- **TASK OBJECTIVE**
Print the records below exactly, from the line containing "Cartel de la" down to the line containing "AtTheGates-Behemoth.jpg", both lines included, and omit every picture.

- **STORED DATA**
* * *

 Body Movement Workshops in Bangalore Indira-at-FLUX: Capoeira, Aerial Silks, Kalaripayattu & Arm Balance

* * *

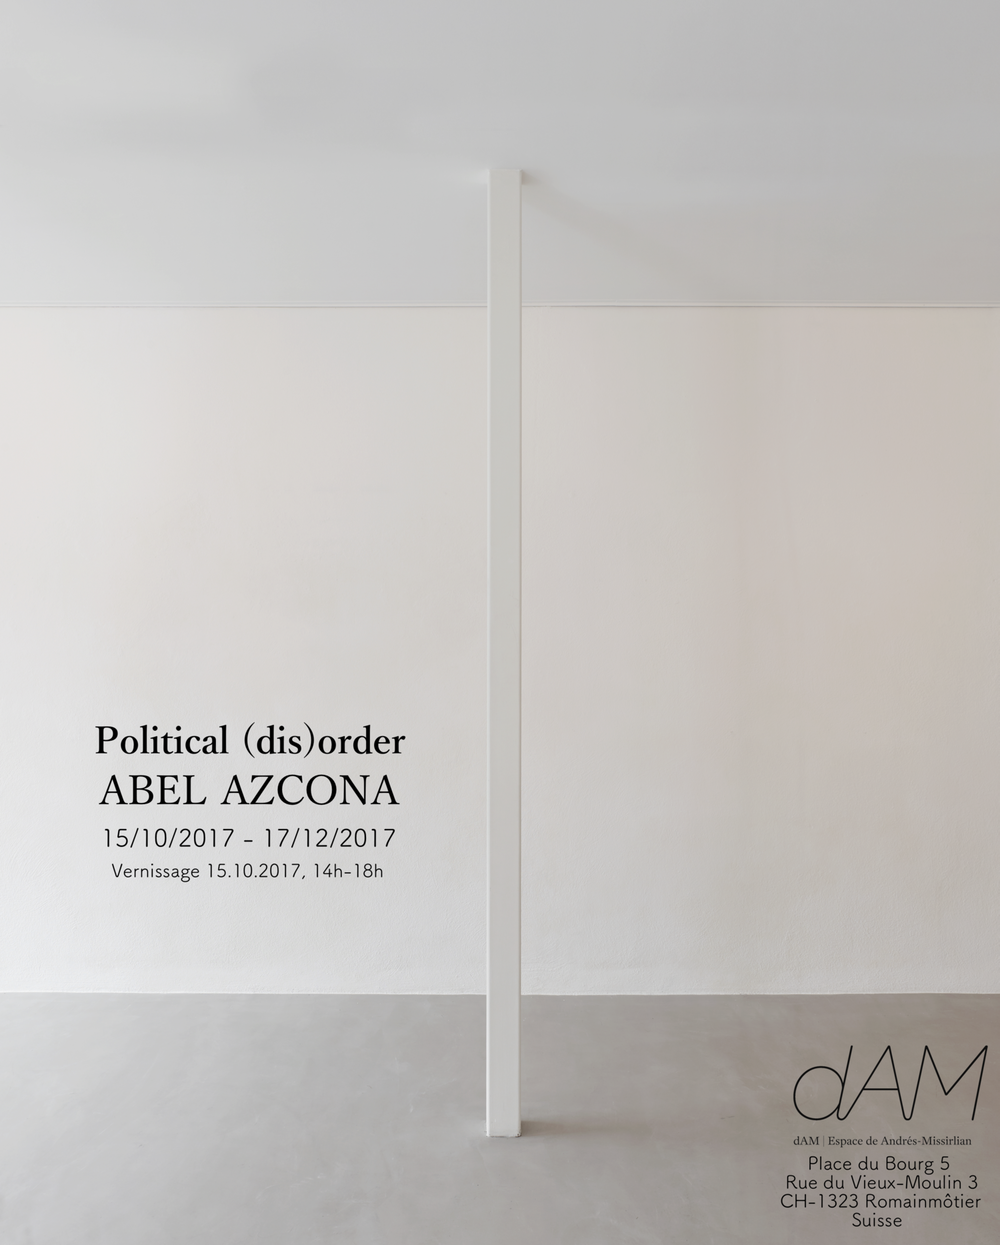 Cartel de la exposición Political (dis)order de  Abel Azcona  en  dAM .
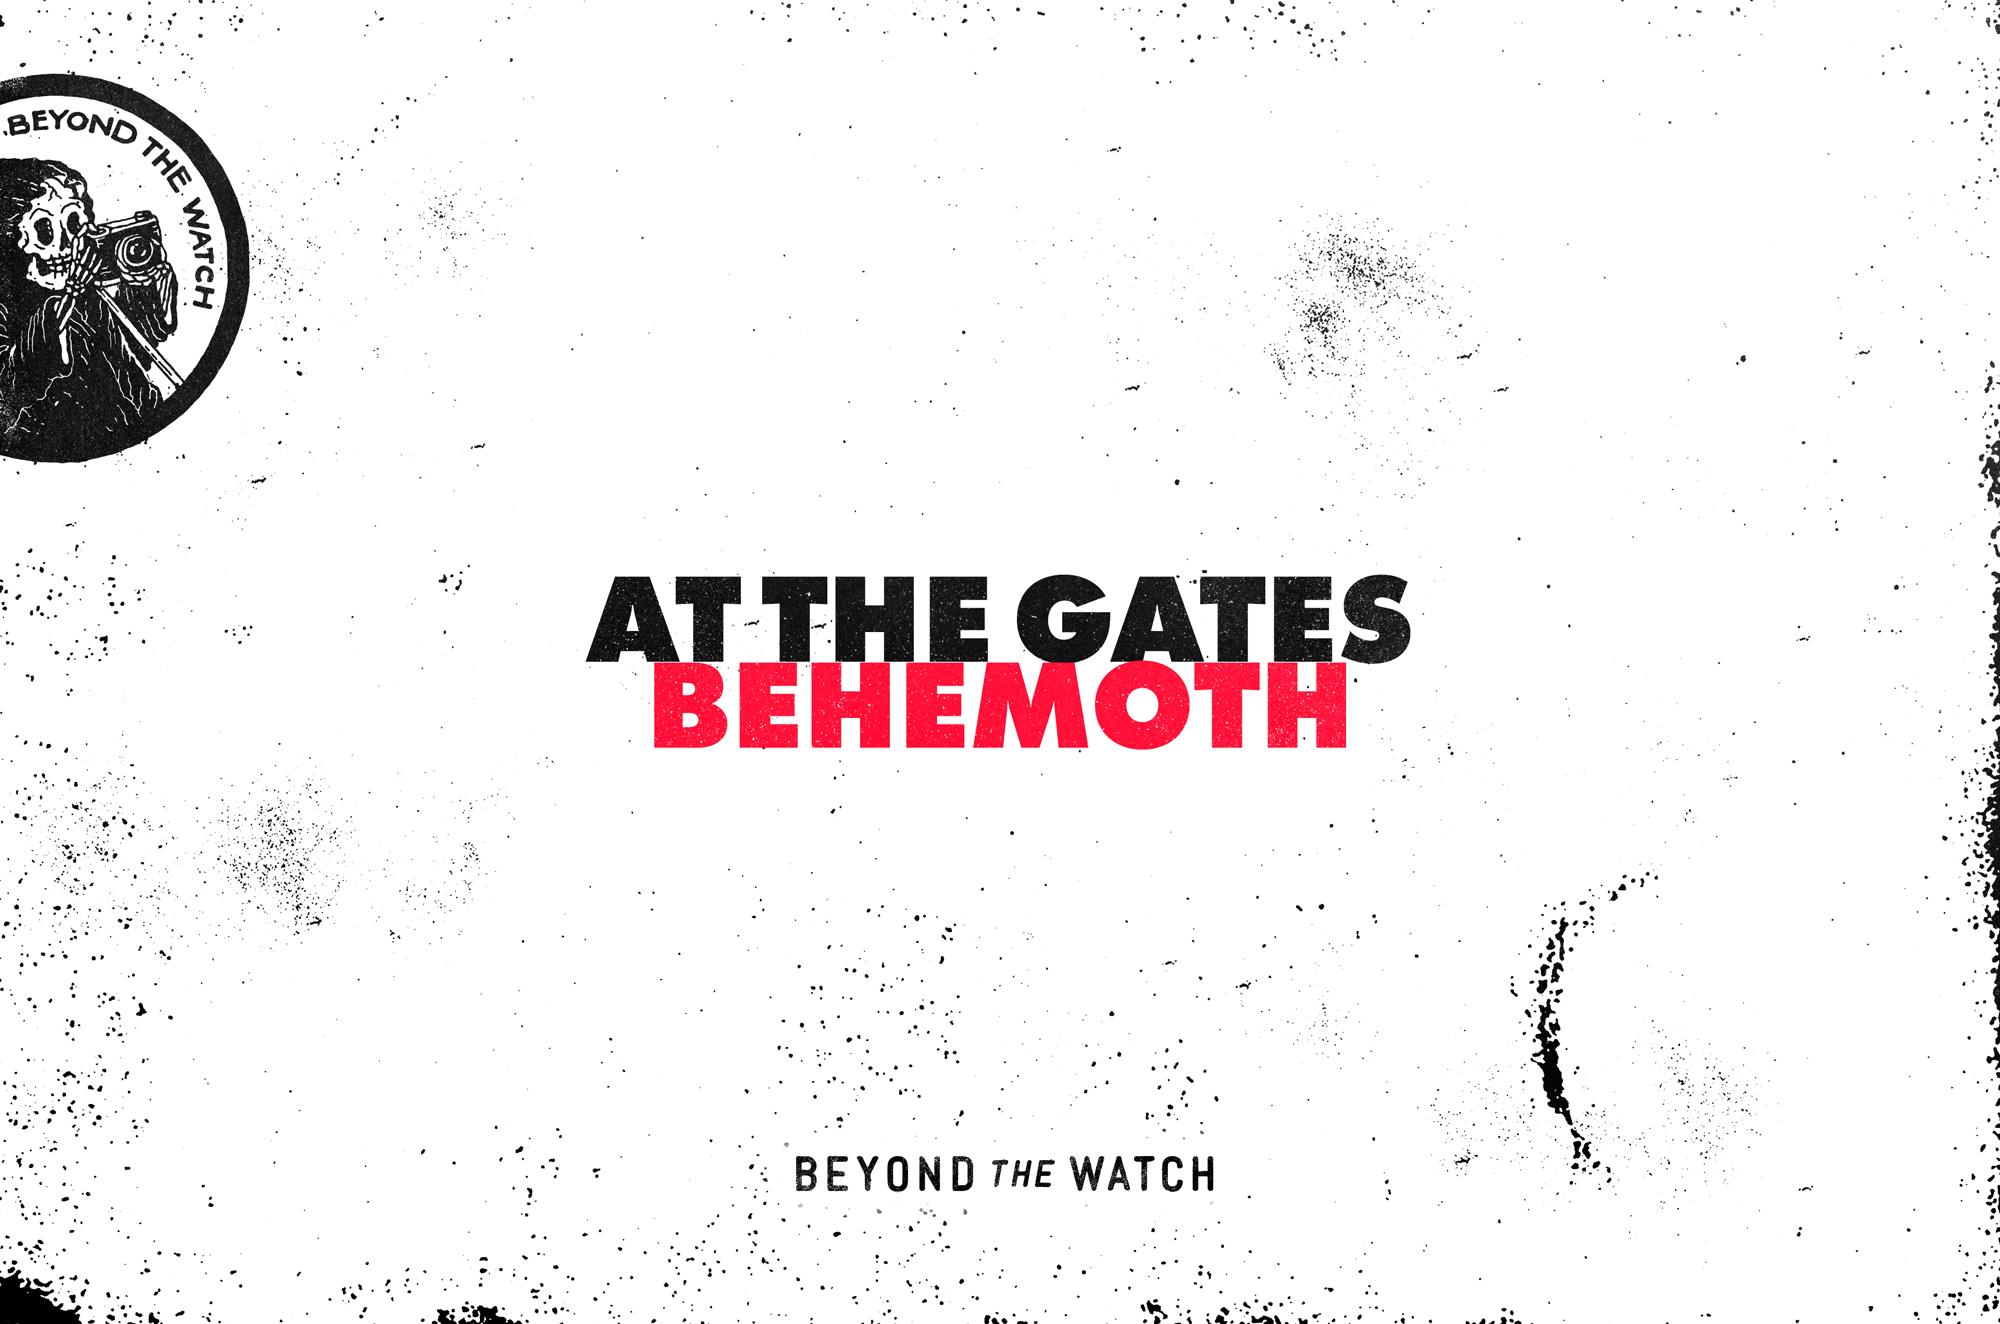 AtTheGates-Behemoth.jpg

* * *

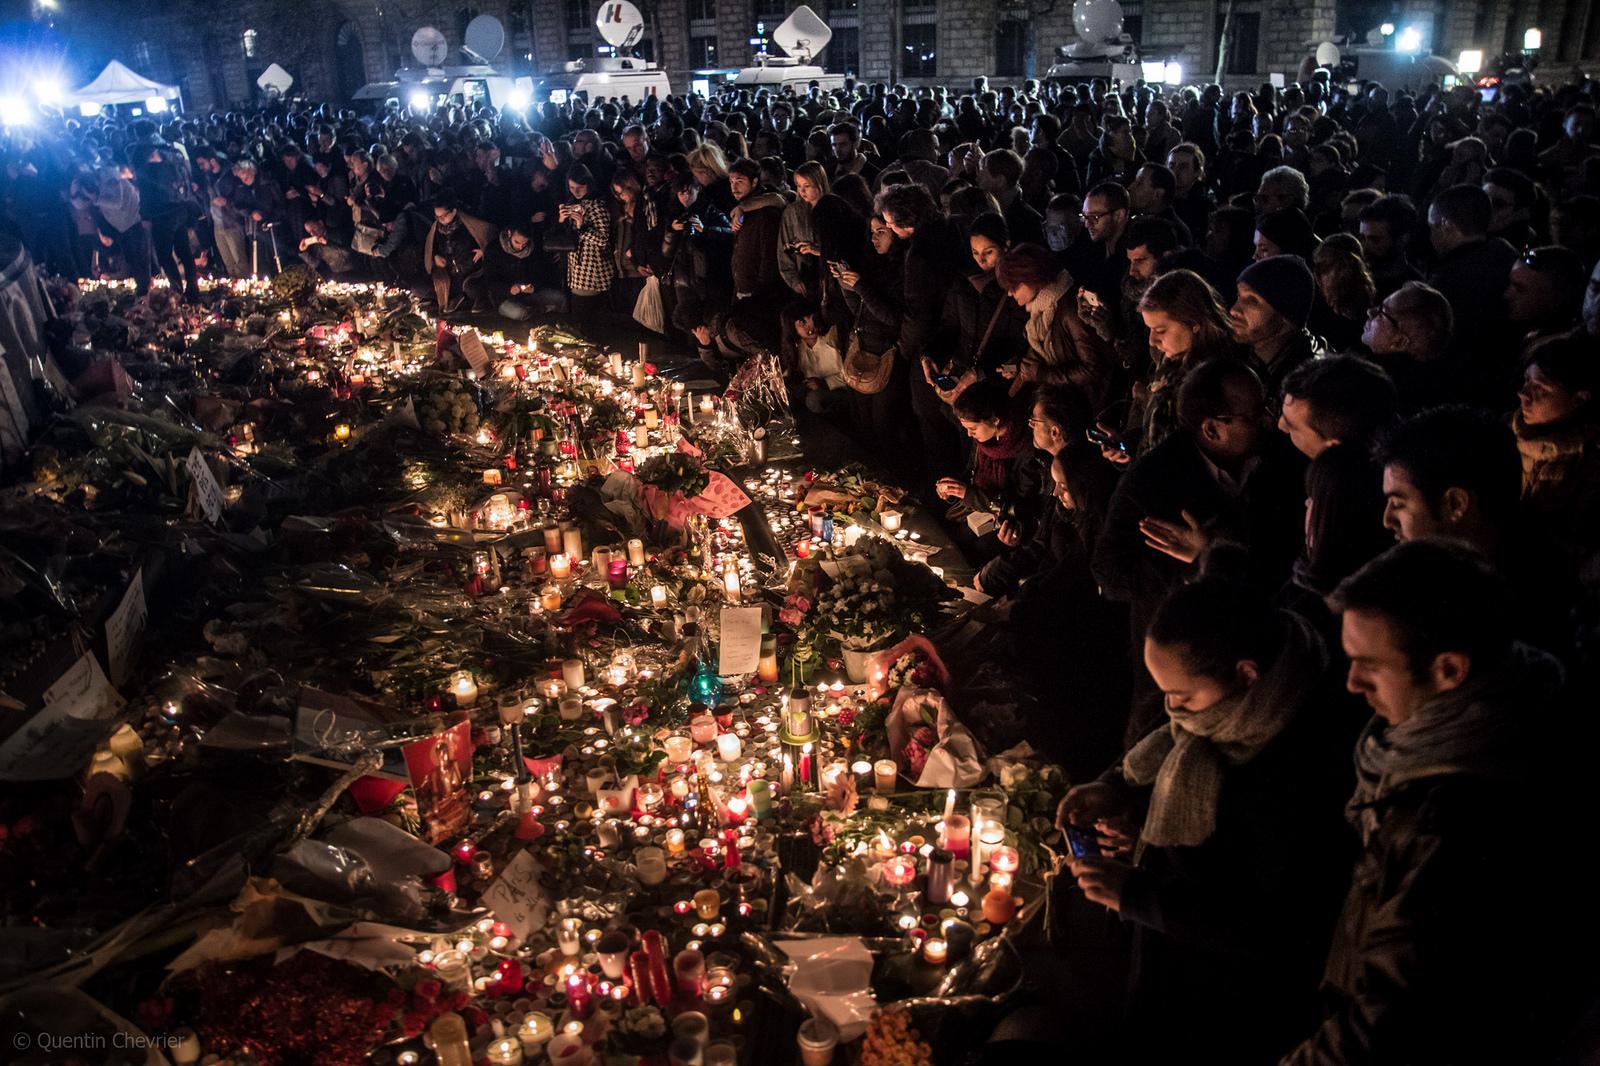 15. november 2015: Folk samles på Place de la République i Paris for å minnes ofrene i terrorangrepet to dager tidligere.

* * *

- **YOUR SOLUTION**
 Cartel de la exposición Political (dis)order de  Abel Azcona  en  dAM .
 AtTheGates-Behemoth.jpg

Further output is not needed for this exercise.